What I did is cross-check the journal. You see, two boots of the same configuration should have mostly identical journal,
but that appears not to be the case here.

This is a representative good boot:

% journalctl --output=short-unix --boot=0 | grep -F '[drm]' | cut -d ' ' -f 3-
kernel: [drm] amdgpu kernel modesetting enabled.
kernel: [drm] initializing kernel modesetting (RAVEN 0x1002:0x15DD 0x103C:0x83D5 0xD0).
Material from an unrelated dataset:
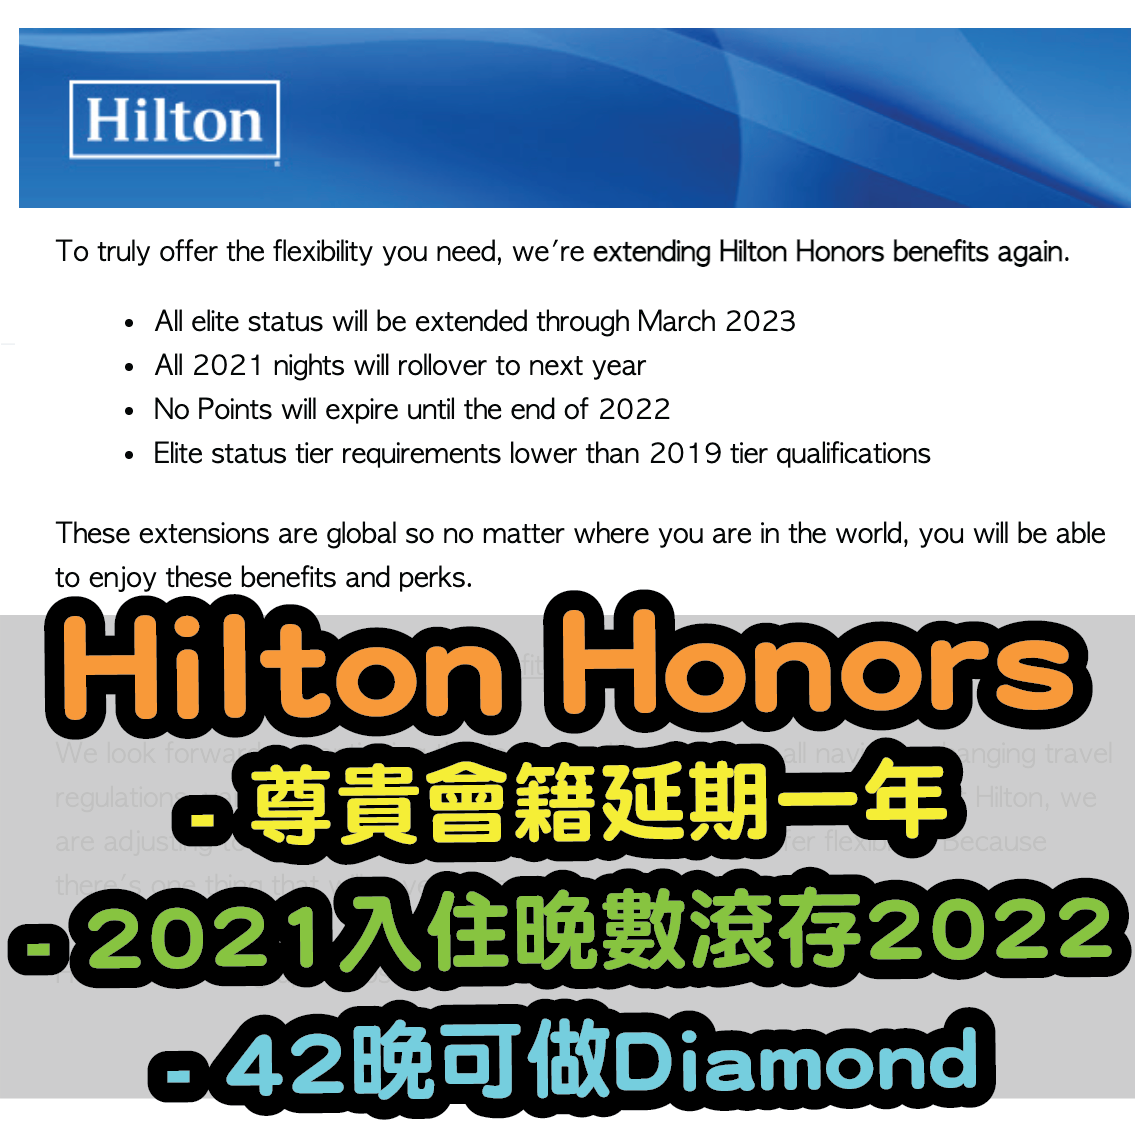 Hilton Honors希爾頓酒店常客會員計劃玩法詳解及優惠！會籍延期至2023年3月！Status Match 9晚就可以Diamond啦！

kernel: [drm] register mmio base: 0xE0700000
kernel: [drm] register mmio size: 524288
kernel: [drm] add ip block number 0 <soc15_common>
kernel: [drm] add ip block number 1 <gmc_v9_0>
kernel: [drm] add ip block number 2 <vega10_ih>
kernel: [drm] add ip block number 3 <psp>
kernel: [drm] add ip block number 4 <gfx_v9_0>
kernel: [drm] add ip block number 5 <sdma_v4_0>
kernel: [drm] add ip block number 6 <powerplay>
kernel: [drm] add ip block number 7 <dm>
kernel: [drm] add ip block number 8 <vcn_v1_0>
kernel: [drm] VCN decode is enabled in VM mode
kernel: [drm] VCN encode is enabled in VM mode
kernel: [drm] VCN jpeg decode is enabled in VM mode
kernel: [drm] BIOS signature incorrect 0 0
kernel: [drm] RAS INFO: ras initialized successfully, hardware ability[0] ras_mask[0]
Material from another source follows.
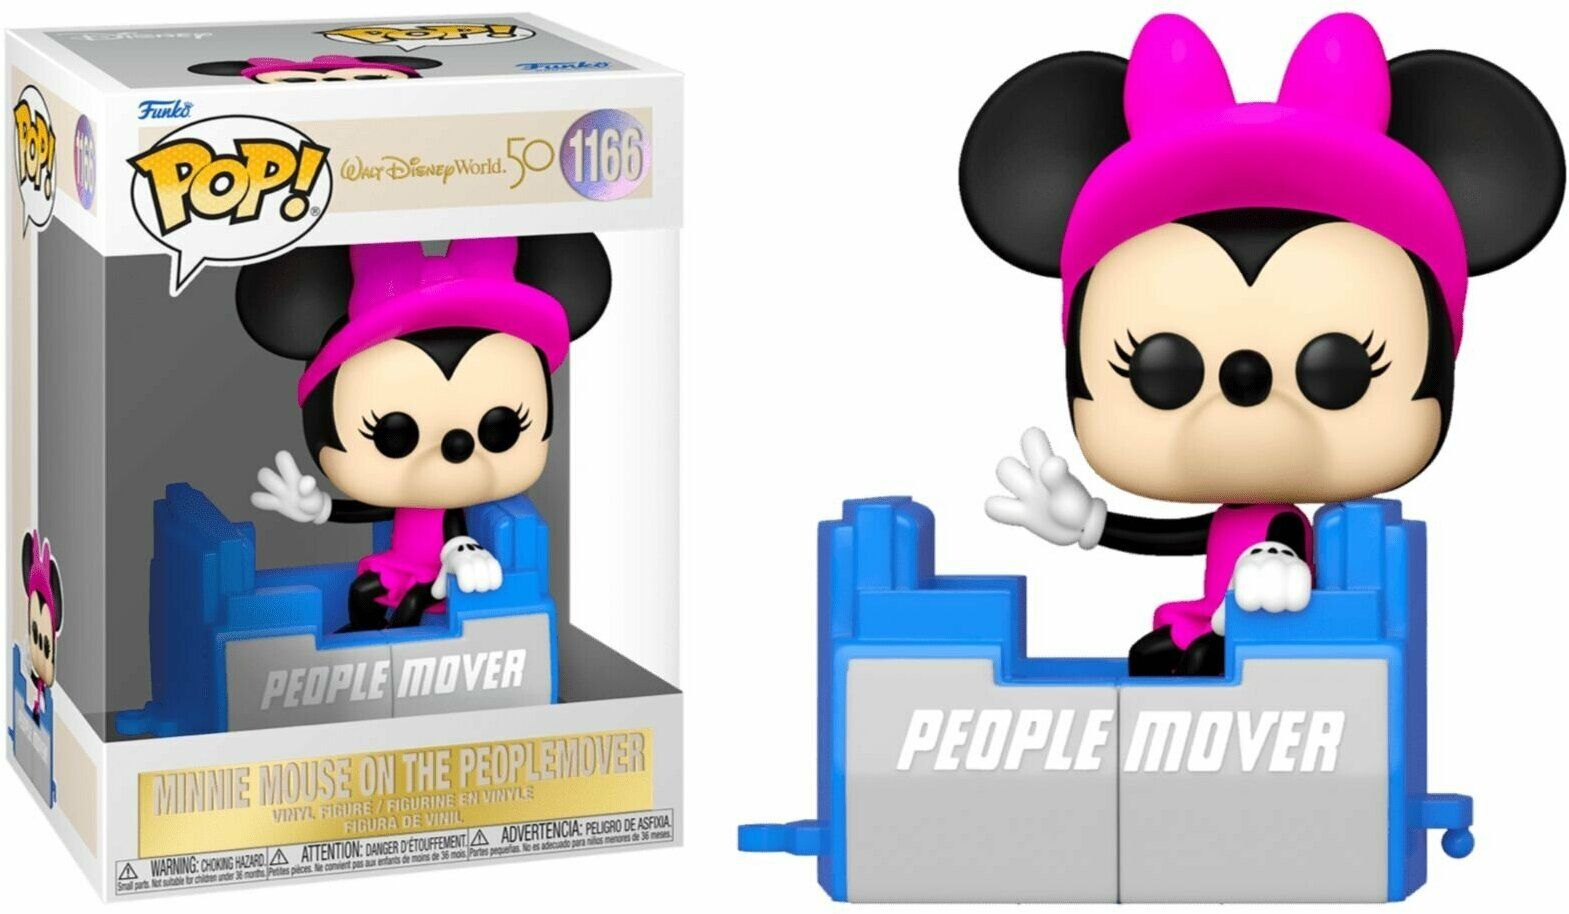 фигурка funko walt disney world 50th anniversary pop minnie mouse on the peoplemover Фигурка Funko POP! Walt Disney World 50th Anniversary: People Mover Minnie

kernel: [drm] vm size is 262144 GB, 4 levels, block size is 9-bit, fragment size is 9-bit
kernel: [drm] Detected VRAM RAM=1024M, BAR=1024M
kernel: [drm] RAM width 64bits DDR4
kernel: [drm] amdgpu: 1024M of VRAM memory ready
kernel: [drm] amdgpu: 3072M of GTT memory ready.
kernel: [drm] GART: num cpu pages 262144, num gpu pages 262144
kernel: [drm] PCIE GART of 1024M enabled (table at 0x000000F400900000).
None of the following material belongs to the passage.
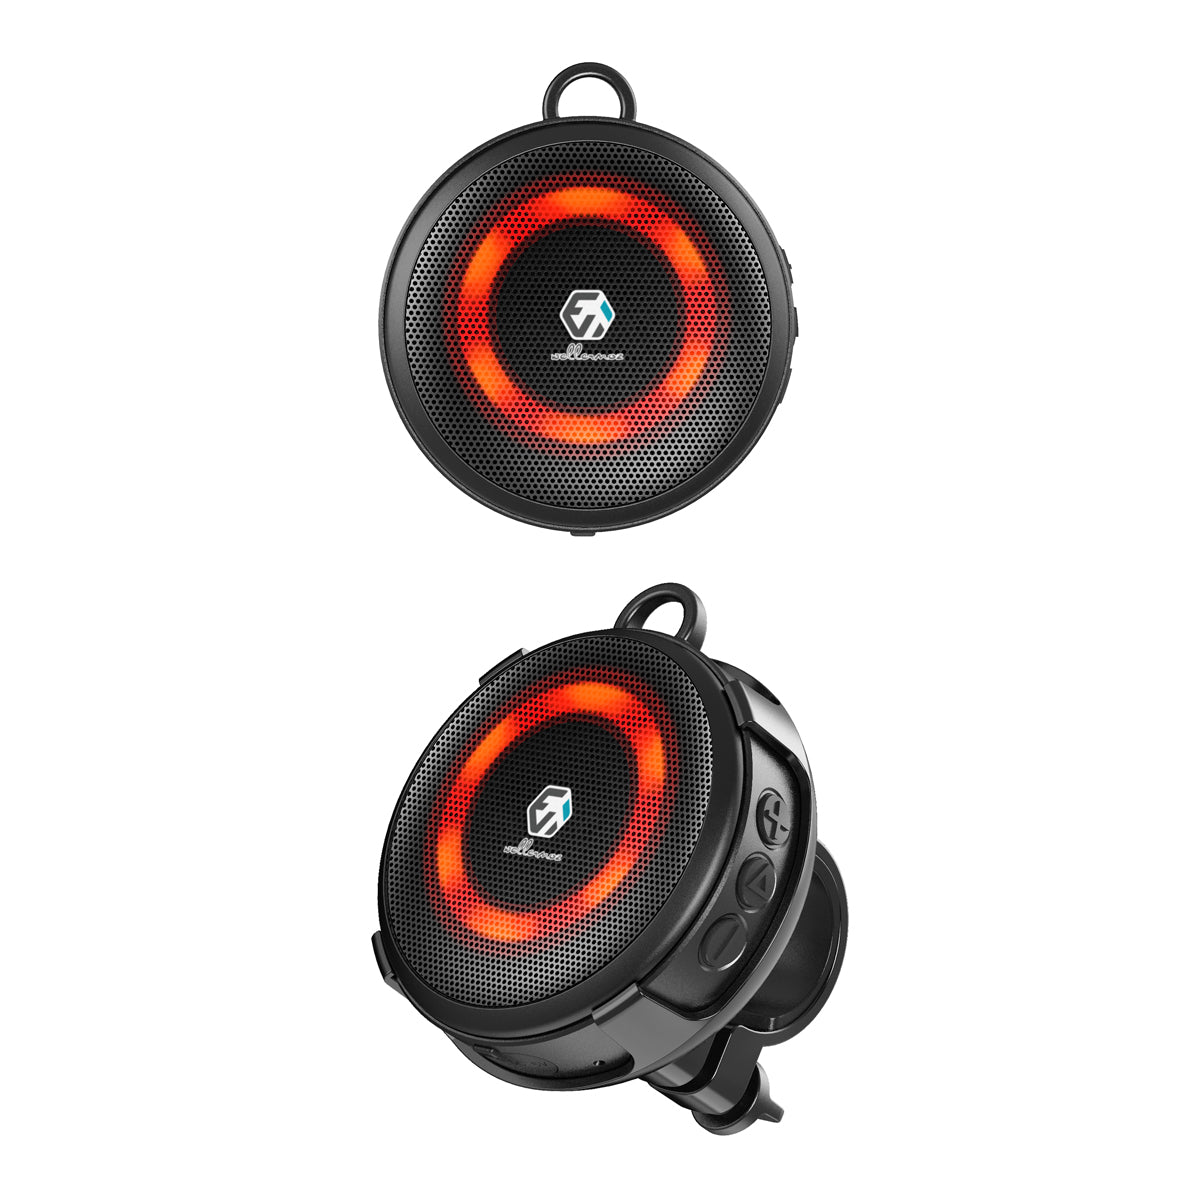 Wellermoz Bluetooth Speaker With RGB Lighting

kernel: [drm] use_doorbell being set to: [true]
kernel: [drm] Found VCN firmware Version ENC: 1.9 DEC: 1 VEP: 0 Revision: 28
kernel: [drm] PSP loading VCN firmware
kernel: [drm] reserve 0x400000 from 0xf400c00000 for PSP TMR SIZE
kernel: [drm] DM_PPLIB: values for F clock
kernel: [drm] DM_PPLIB:         400000 in kHz
kernel: [drm] DM_PPLIB:         933000 in kHz
kernel: [drm] DM_PPLIB:         1067000 in kHz
kernel: [drm] DM_PPLIB:         1200000 in kHz
kernel: [drm] DM_PPLIB: values for DCF clock
kernel: [drm] DM_PPLIB:         300000 in kHz
kernel: [drm] DM_PPLIB:         600000 in kHz
kernel: [drm] DM_PPLIB:         626000 in kHz
kernel: [drm] DM_PPLIB:         654000 in kHz
kernel: [drm] Display Core initialized with v3.2.27!
kernel: [drm] SADs count is: -2, don't need to read it
kernel: [drm] Supports vblank timestamp caching Rev 2 (21.10.2013).
kernel: [drm] Driver supports precise vblank timestamp query.
kernel: [drm] VCN decode and encode initialized successfully(under SPG Mode).
kernel: [drm] fb mappable at 0x91000000
kernel: [drm] vram apper at 0x90000000
kernel: [drm] size 8294400
kernel: [drm] fb depth is 24
kernel: [drm]    pitch is 7680
kernel: [drm] Initialized amdgpu 3.32.0 20150101 for 0000:04:00.0 on minor 0

A representative failing boot:

% journalctl --output=short-unix --boot=-2 | grep -F '[drm]' | cut -d ' ' -f 3-
kernel: [drm] amdgpu kernel modesetting enabled.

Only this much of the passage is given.